**Entries supplied**
BEGIN

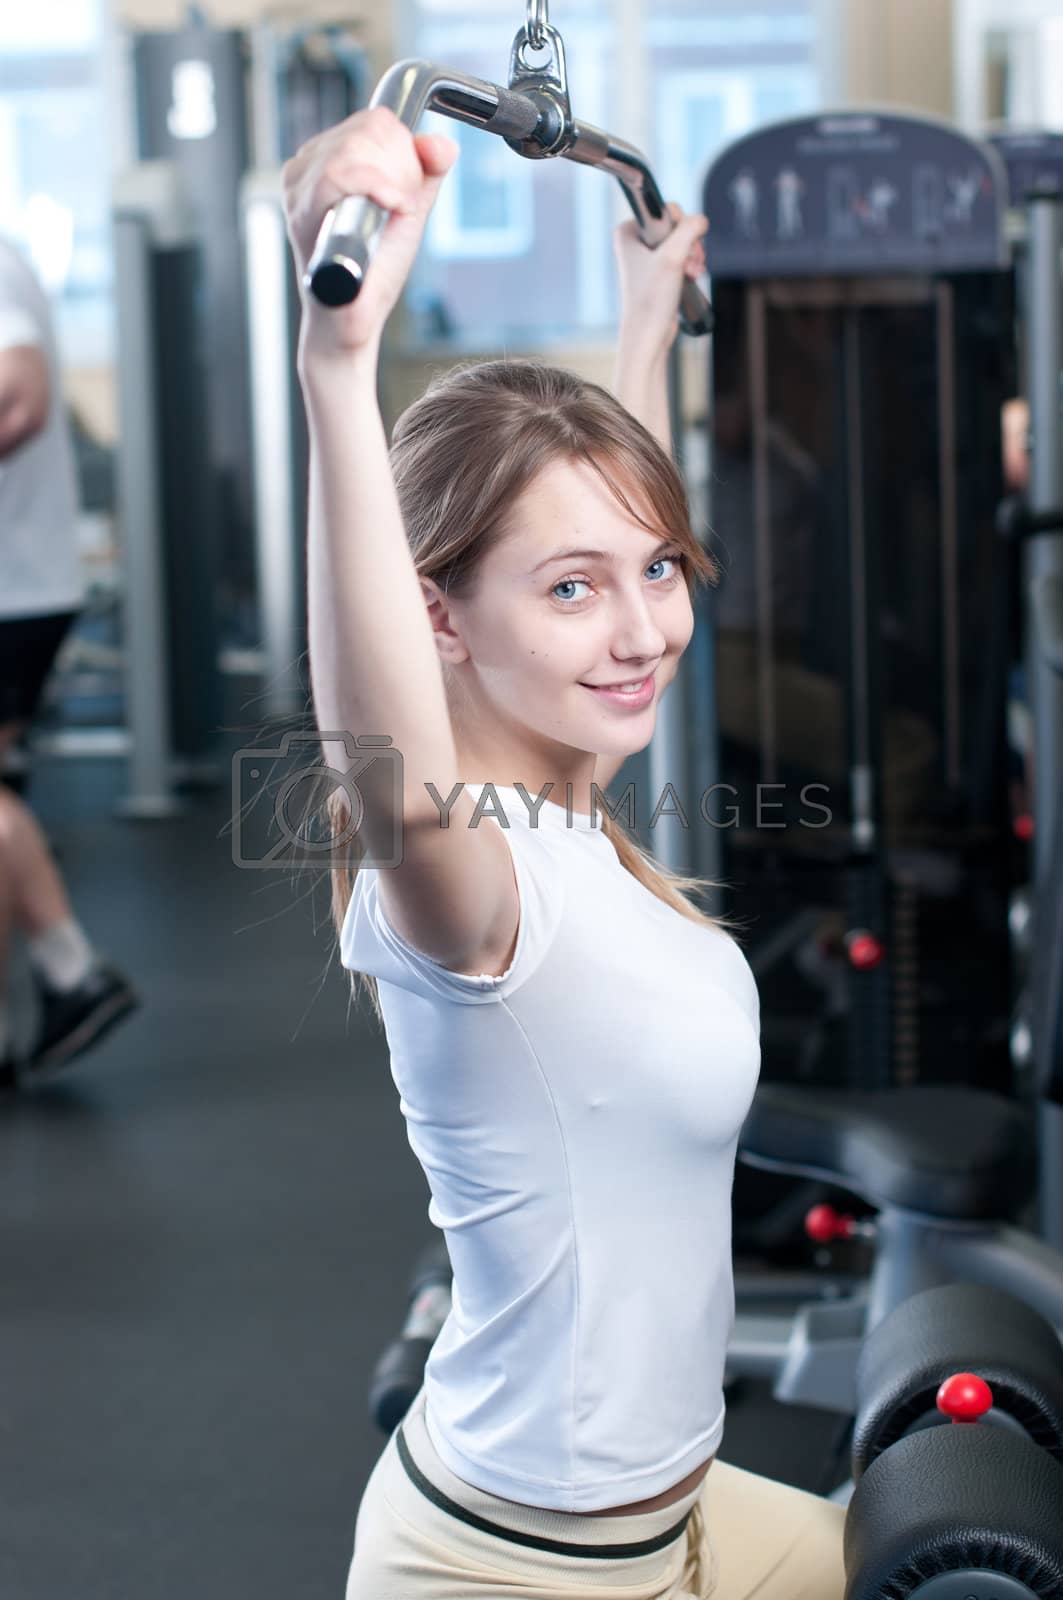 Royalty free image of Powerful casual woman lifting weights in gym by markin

END
BEGIN

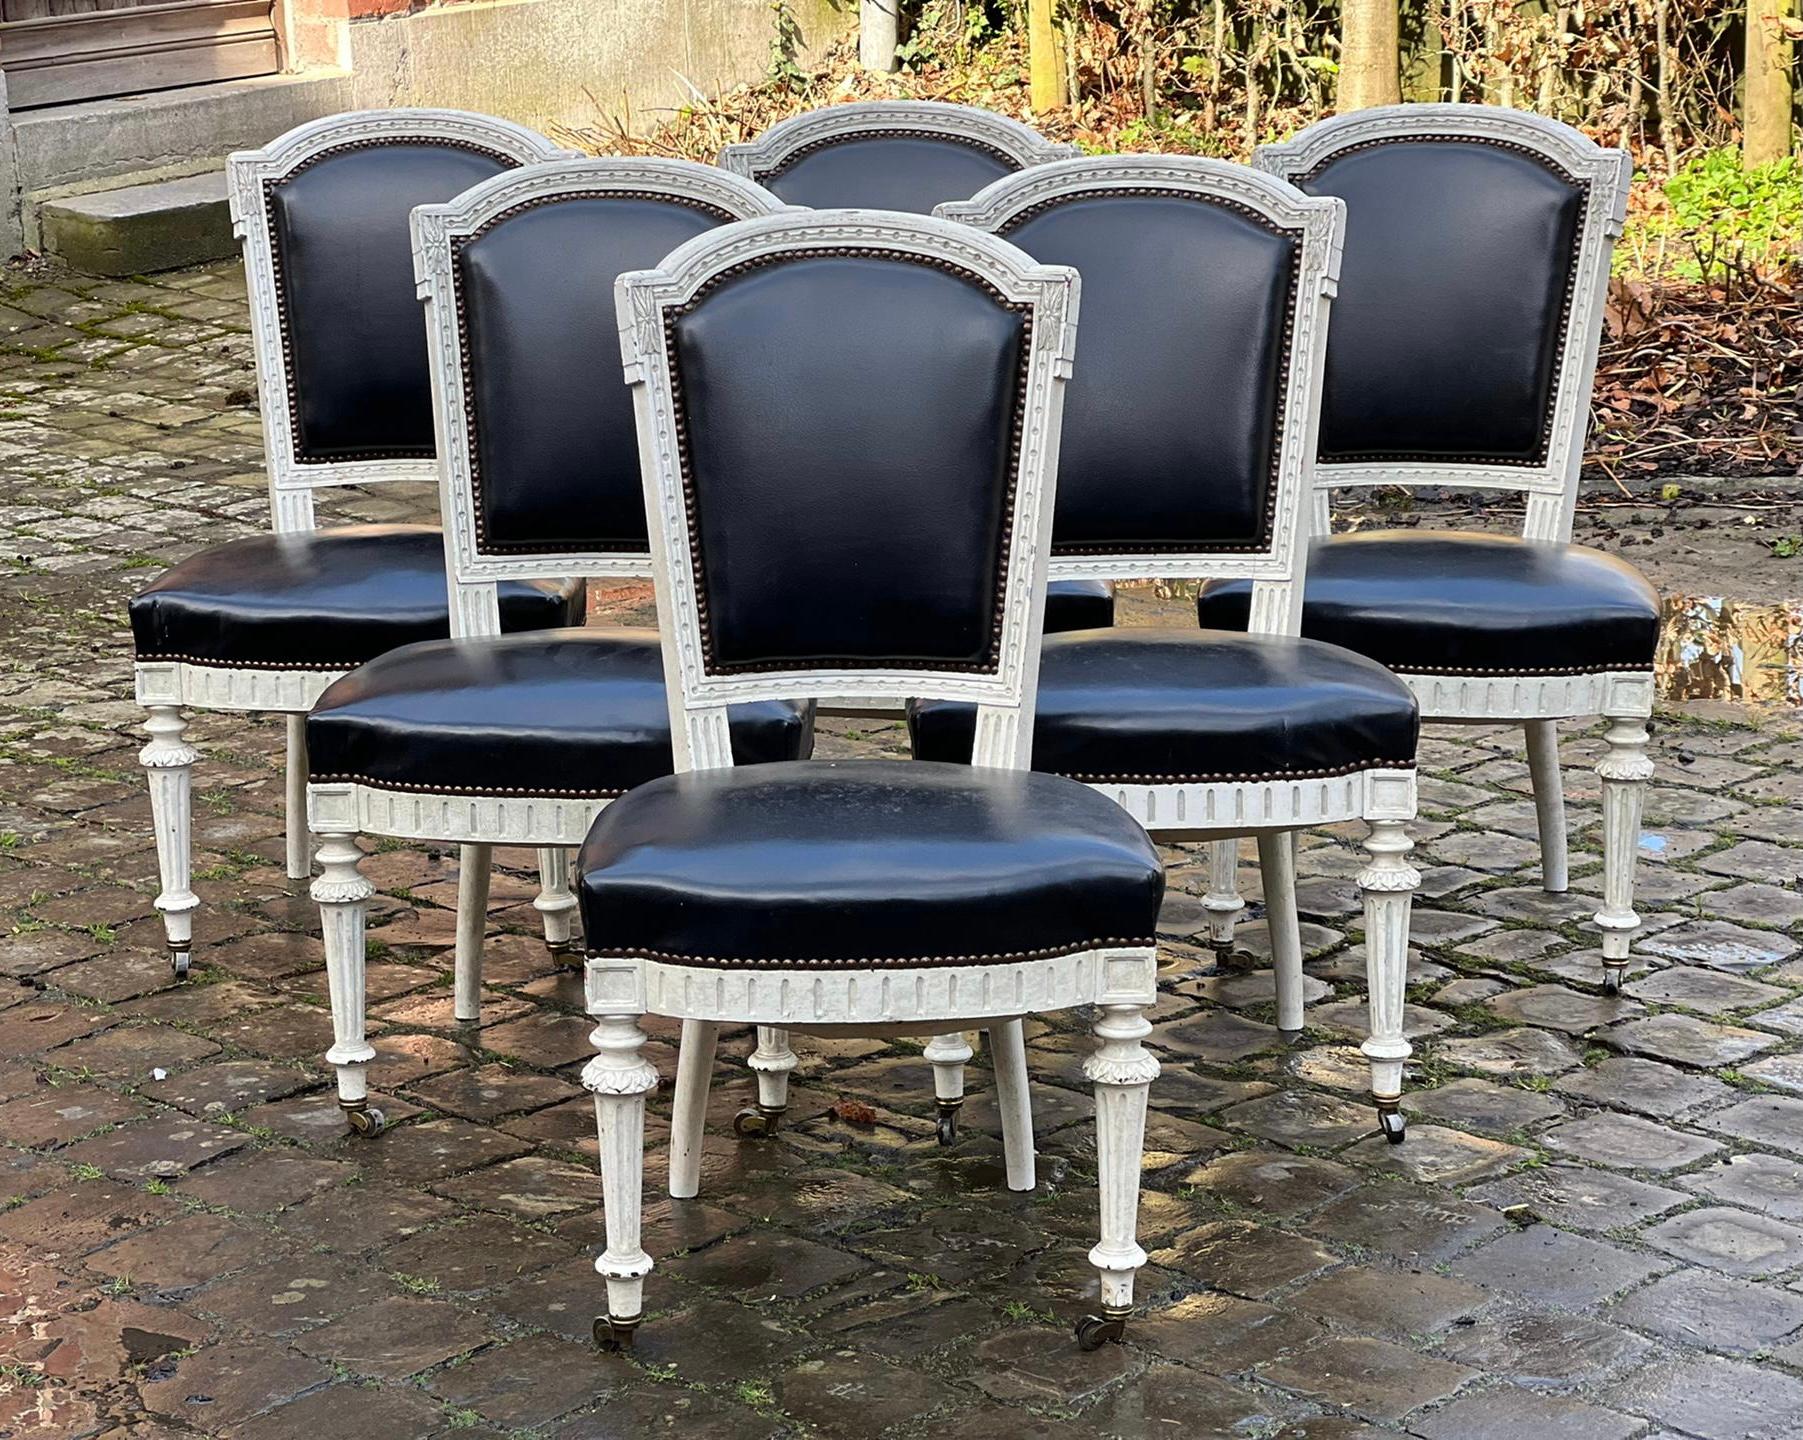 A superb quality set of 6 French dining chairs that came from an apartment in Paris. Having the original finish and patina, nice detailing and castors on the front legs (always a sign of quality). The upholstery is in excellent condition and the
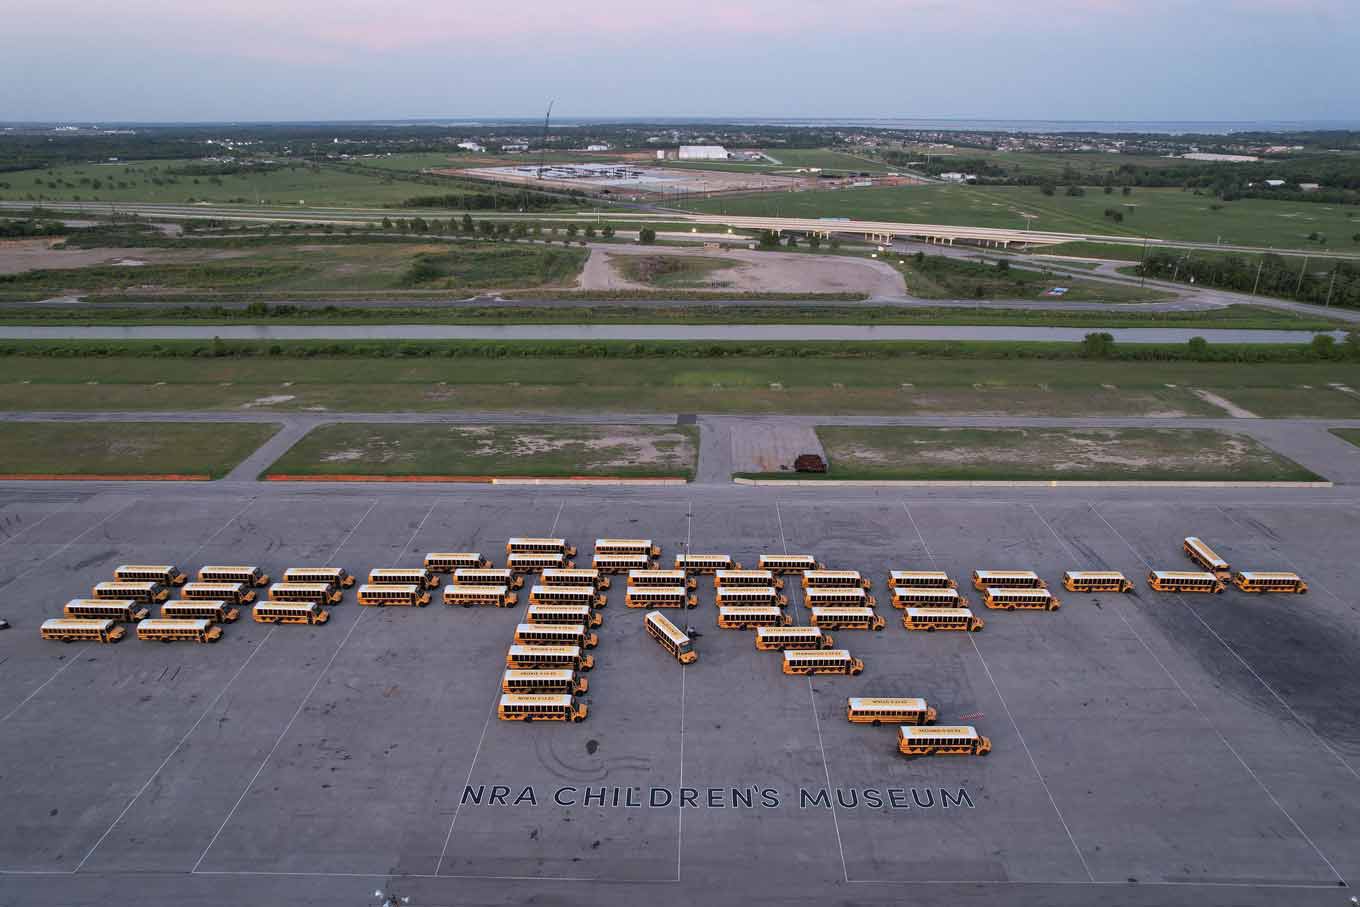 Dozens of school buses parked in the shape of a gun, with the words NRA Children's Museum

END

**Aim of the exercise**
Word for word, restate the lines above from the one with "A superb quality" through the one with "Dozens of school", keeping both ends and dropping the pictures.

**Written answer**
 A superb quality set of 6 French dining chairs that came from an apartment in Paris. Having the original finish and patina, nice detailing and castors on the front legs (always a sign of quality). The upholstery is in excellent condition and the
 Dozens of school buses parked in the shape of a gun, with the words NRA Children's Museum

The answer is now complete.